Surgeons completely rebuild pelvis of cancer patient

A multi-disciplinary team of surgeons has completely rebuilt the pelvis of cancer patient.
Surgeons at the Ohio State University Comprehensive Cancer Center, Arthur G. James Cancer Hospital and Richard J. Solove Research Institute (OSUCCC - James) conducted the operation.
The surgeons removed the left leg, hip and pelvis of a cancer patient, and used the healthy, living bones from his amputated leg to completely rebuild the connection between his spine and remaining right pelvis to support a high-tech prosthetic leg.
Dr. Joel Mayerson, an orthopaedic oncologist collaborated with a surgical team that included Dr. Ehud Mendel, a spine neurosurgeon, and Dr. Michael Miller, a plastic surgeon, who specializes in reconstructive surgical oncology.
"This procedure itself is actually the first time it's ever been performed in the United States," Mayerson said.
The surgery is called an "En Bloc" procedure, which translated from French means "as a whole, or in mass," meaning that the surgeon must remove the entire tumour intact.
The surgical team removed the tumour and worked together to design a method to rebuild the patient's pelvis using titanium supports along with parts of the patient's leg - including bones, muscles, skin and blood vessels.
"Removing the tumour required removing the leg, yet many of the tissues in the leg were healthy," Miller, interim chair of Ohio State University Medical Center's Department of Plastic Surgery, said.
"We wondered if it was possible to use the healthy parts of the patient's leg to reconstruct his pelvis," he stated.

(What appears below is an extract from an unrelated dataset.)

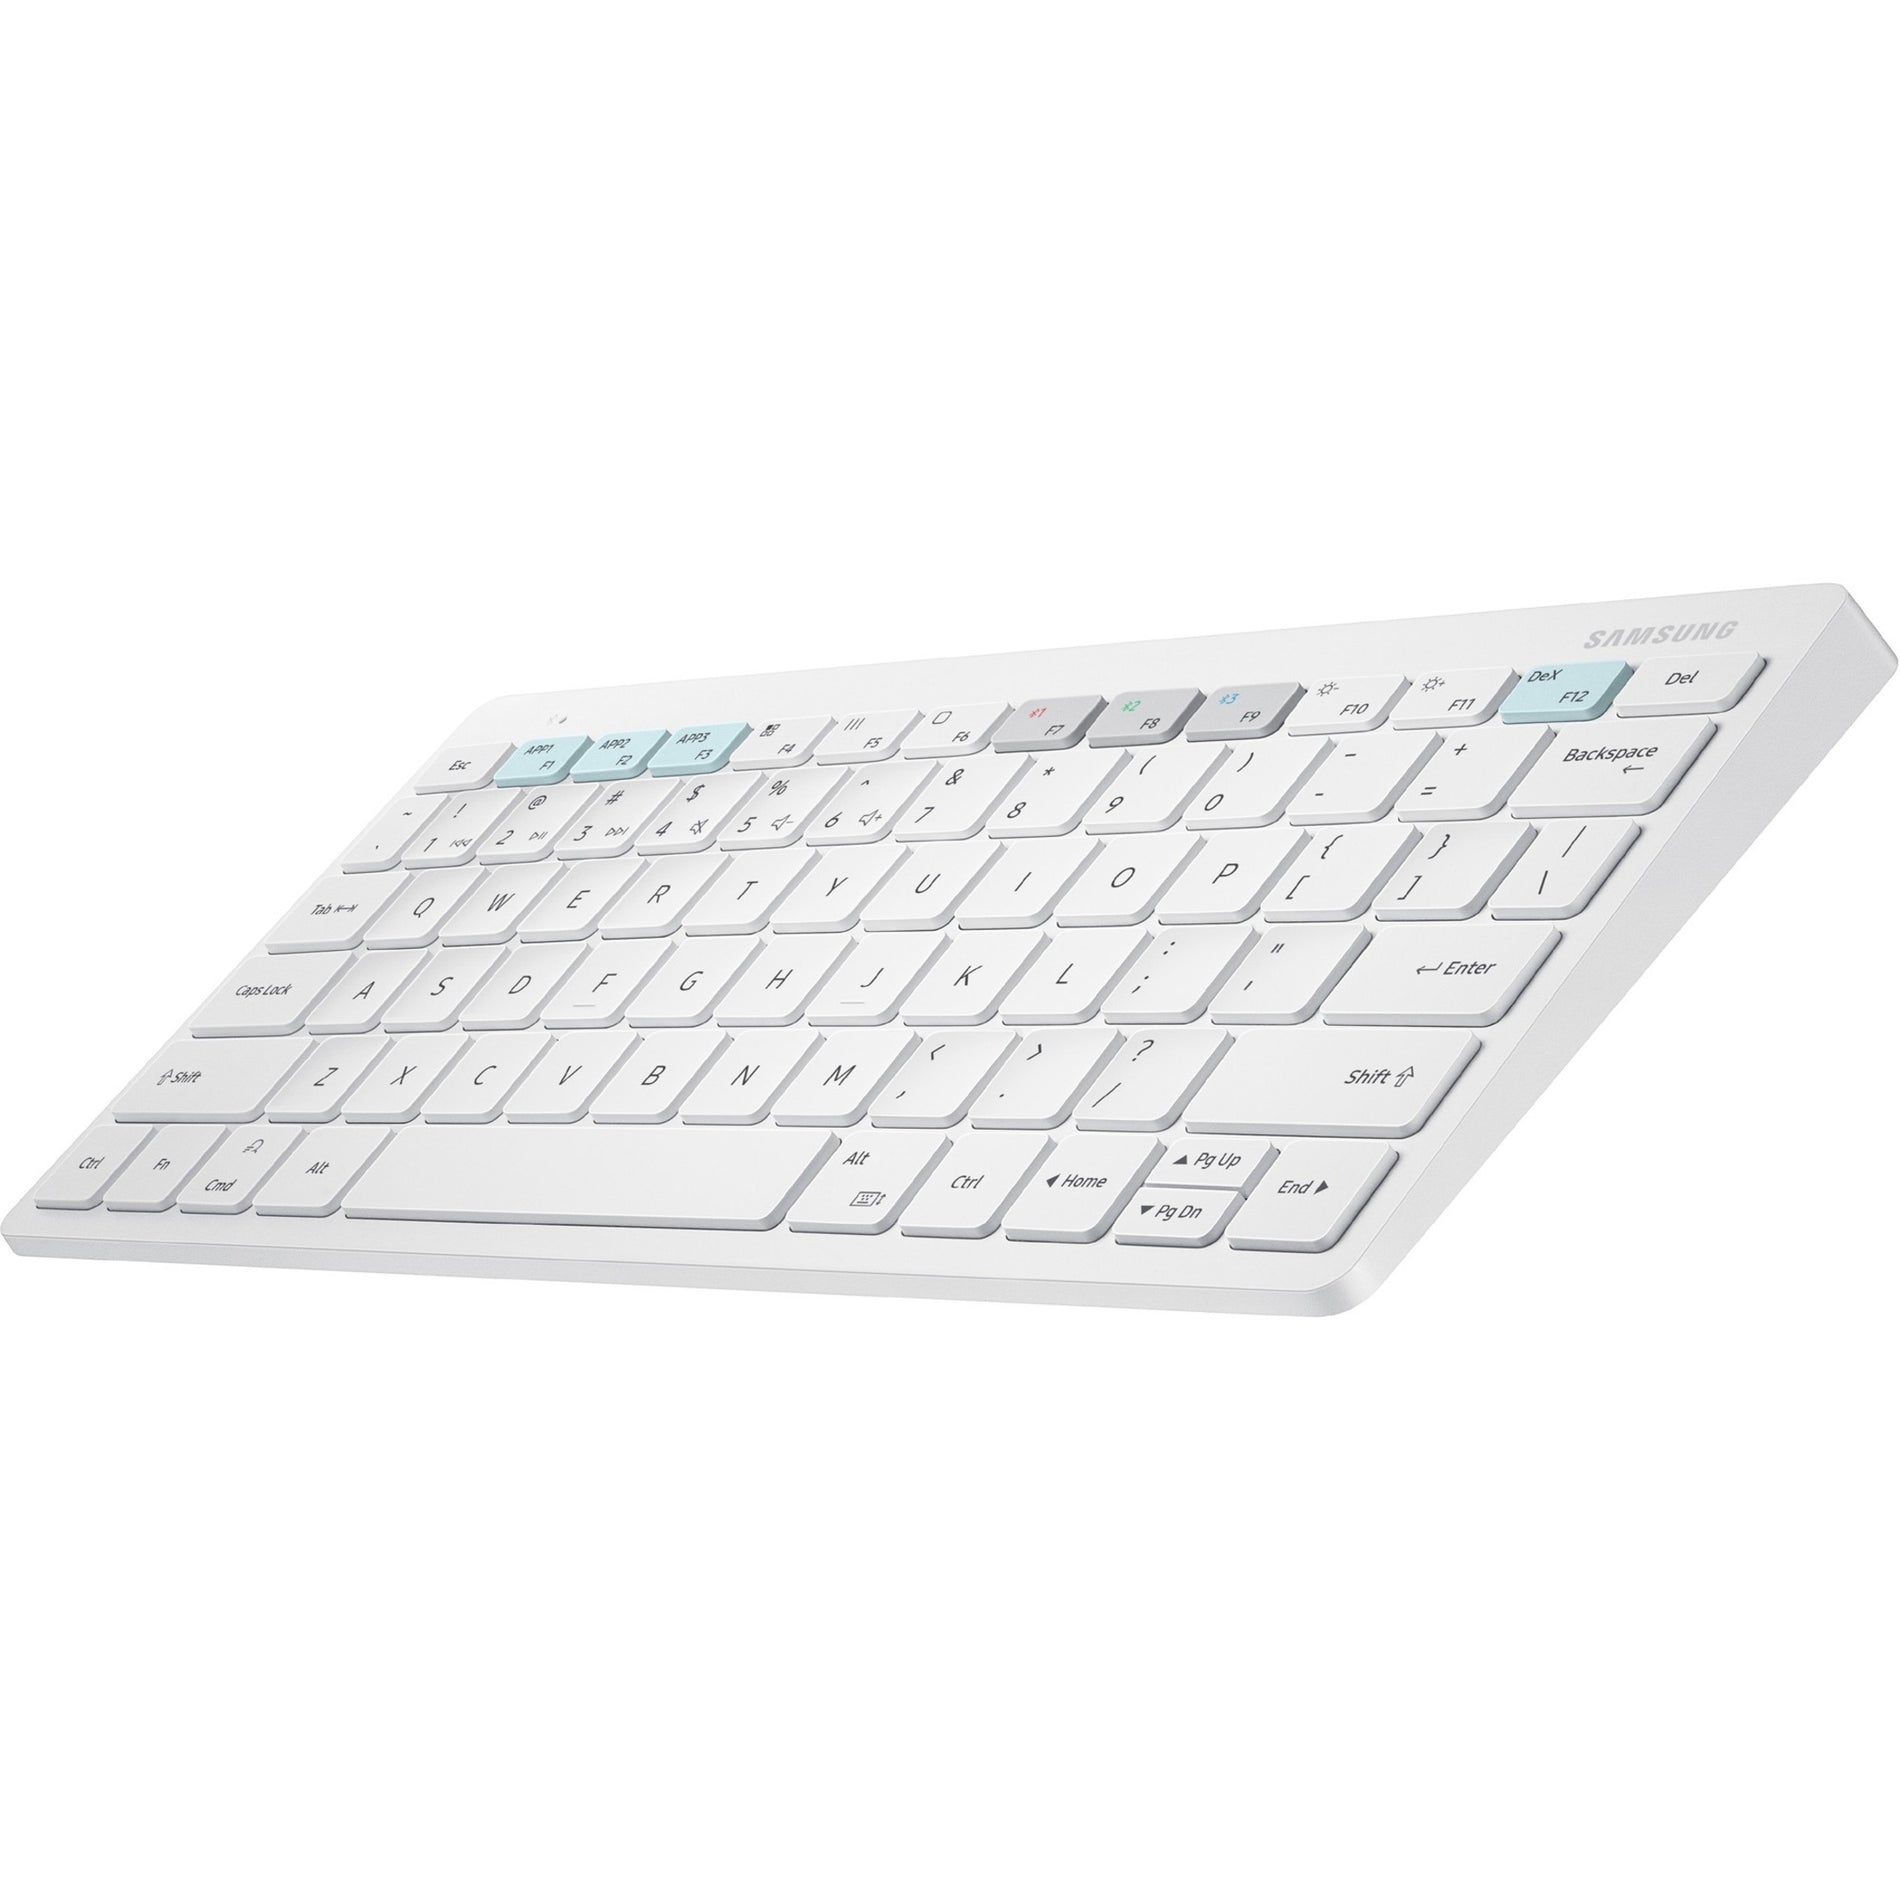 Samsung EJ-B3400UWEGUS Smart Keyboard Trio 500, White - Slim Bluetooth Wireless Keyboard

The custom device that Mendel fashioned features two large rods and a couple of smaller rods fixed to the pelvis and spine with 14 screws to help provide support while the leg bones fused together.
The Ohio State surgery marked the first time that surgeons used living bone from the patient's amputated limb to reconstruct the pelvis in this fashion.
This allowed the bones to fuse together to create an intact pelvic ring strong enough to allow the patient to walk again on a prosthetic leg, according to Mayerson, director of the division of musculoskeletal oncology in the department of orthopaedics.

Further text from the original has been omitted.